Randolph O'Rourke hatte sich diese Frage oft gestellt. In den Jahren vor dem Krieg, als er Siedlertrecks durch die Indianergebiete noch Oregon hinaufführte. Dutzende von Gräbern ließen sie am Wegrand zurück.

Und natürlich während der Kriegsjahre dann, in denen er als Kavallerist der Konförderation gegen die Yankees ritt. Vor allem, an dem Tag, als ihn die Nachricht vom Tod seines Bruders und seines Vater erreichte - weiß Gott - vor allem an diesem Tag, hatte er sich diese Frage gestellt, was ein Mann angesichts des Todes empfindet.

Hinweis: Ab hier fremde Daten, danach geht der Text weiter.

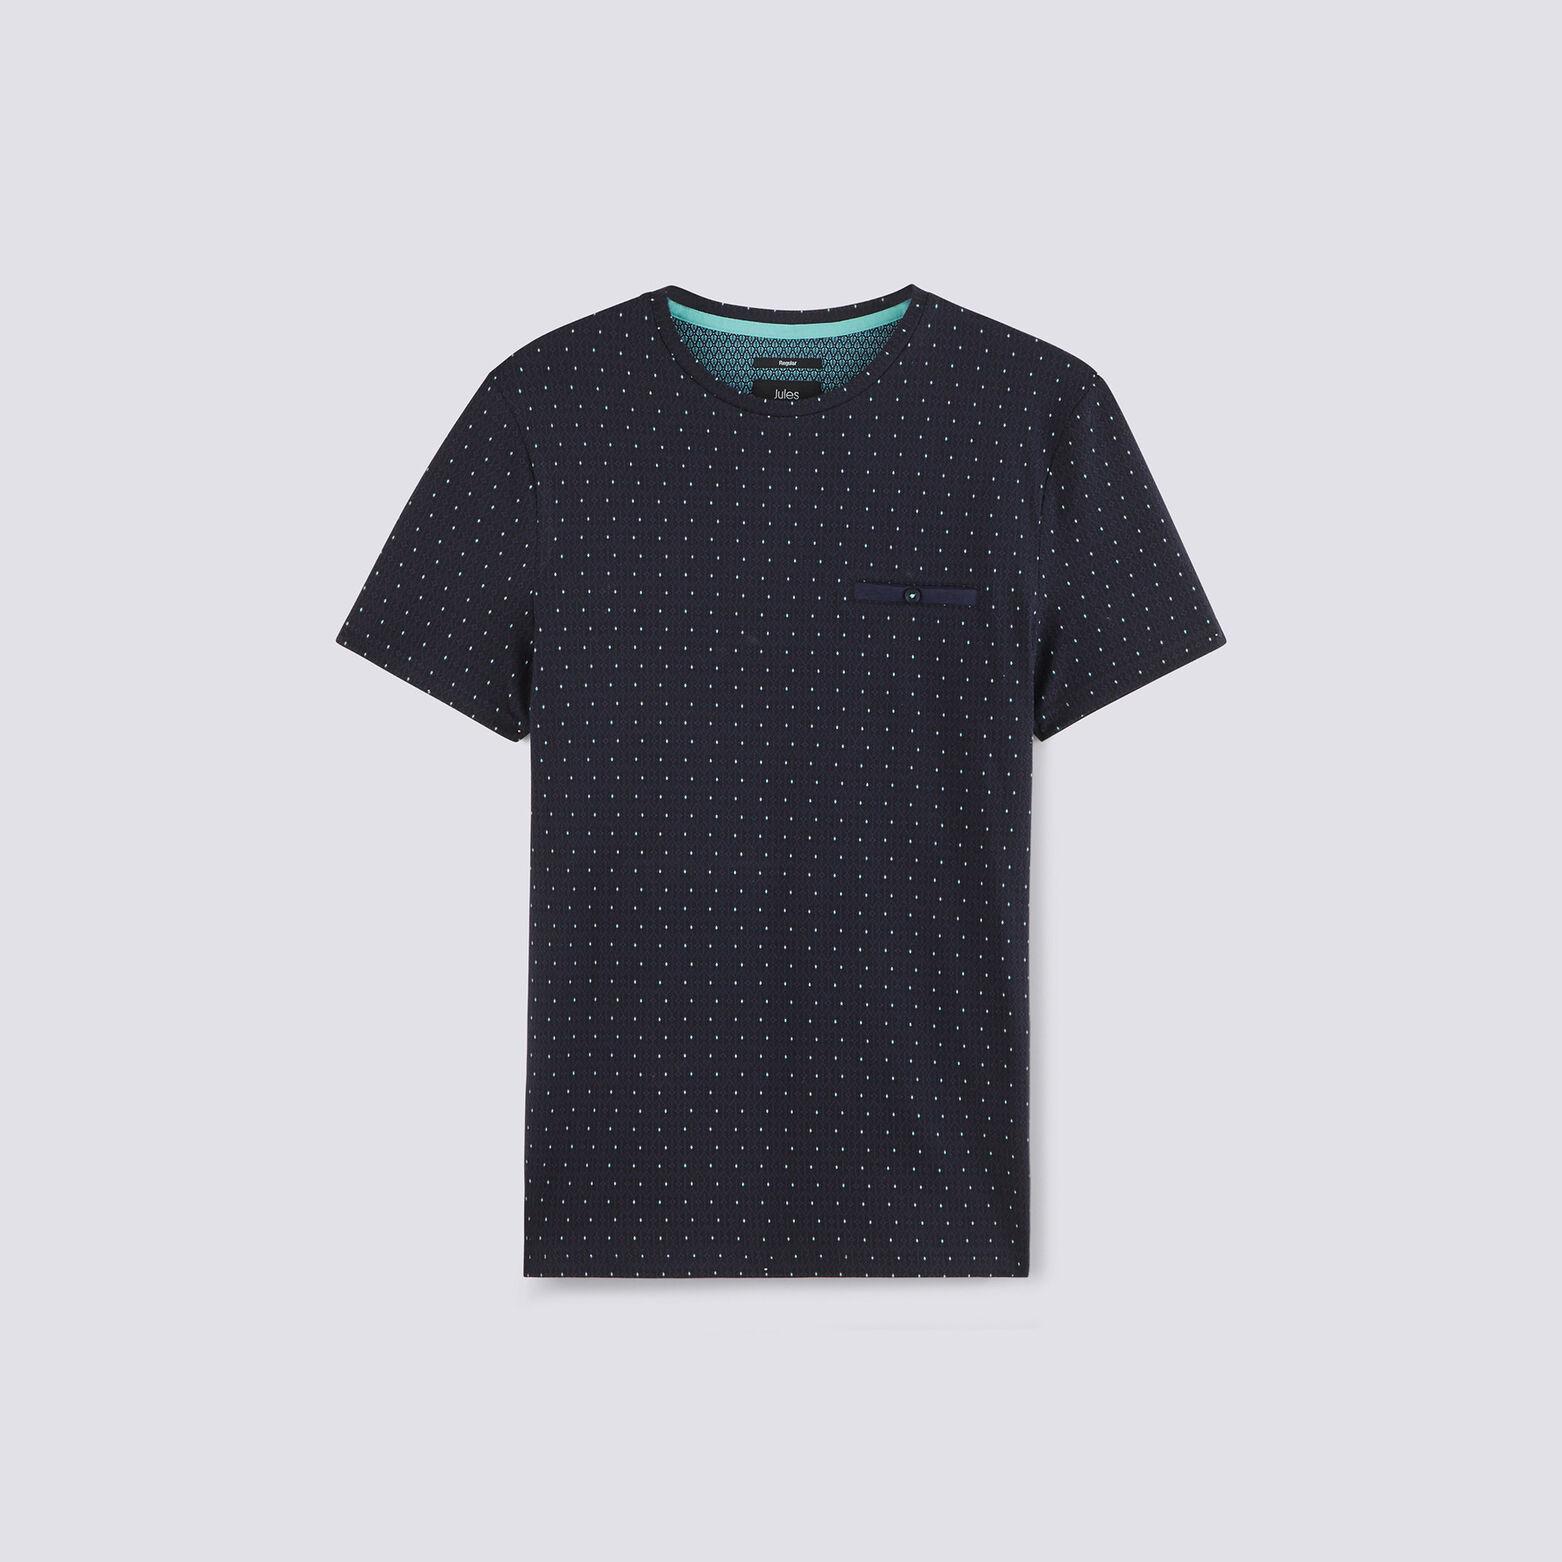 Tee shirt col rond motif graphique

Jetzt wusste er es. Jetzt, wo der neue Befehlshaber von Fort Worth - ein Colonel der Yankees - auf der Veranda vor der offenen Tür seines Kommandantur-Büros stand, um der Hinrichtung von neun Partisanen beizuwohnen.

Jetzt, da fünf von Randys Waffengefährten gefesselt und mit verbundenen Augen an der Rückwand der Stallungen standen.

Jetzt, da zehn Blauröcke die Gewehre anlegten, und der Sergeant zehn Schritte neben dem Hinrichtungskommando "Feuer!" brüllte, und der Schusslärm über den Exerzierplatz donnerte. Jetzt wusste Red Randy bestens Bescheid.

Ein Mann angesichts des Todes empfand Glockengedröhn, das seinen Körper von den Fußnägeln bis hinauf in die Haarwurzeln ausfüllte - seinen Herzschlag. Und er empfand einen quälenden Harndrang. Vielmehr nicht.

Die Männer an der Stallwand brachen zusammen. Einer kippte seitlich um, einer stürzte das Gesicht voran in den Staub, einer drehte sich spiralartig um sich selbst, bevor er endlich still am Boden lag, und zwei prallten gegen die Stallwand und rutschen langsam daran herunter.

Noch während die Yankees Randys tote Gefährten durch den Staub davonschleiften, packten die Corporals rechts und links von ihm den langen Kerl an den Armen. Seine Hände waren auf den Rücken gefesselt. Zusammen mit seinen drei noch lebenden Waffenbrüdern zogen sie ihn hinüber zu der Stallwand.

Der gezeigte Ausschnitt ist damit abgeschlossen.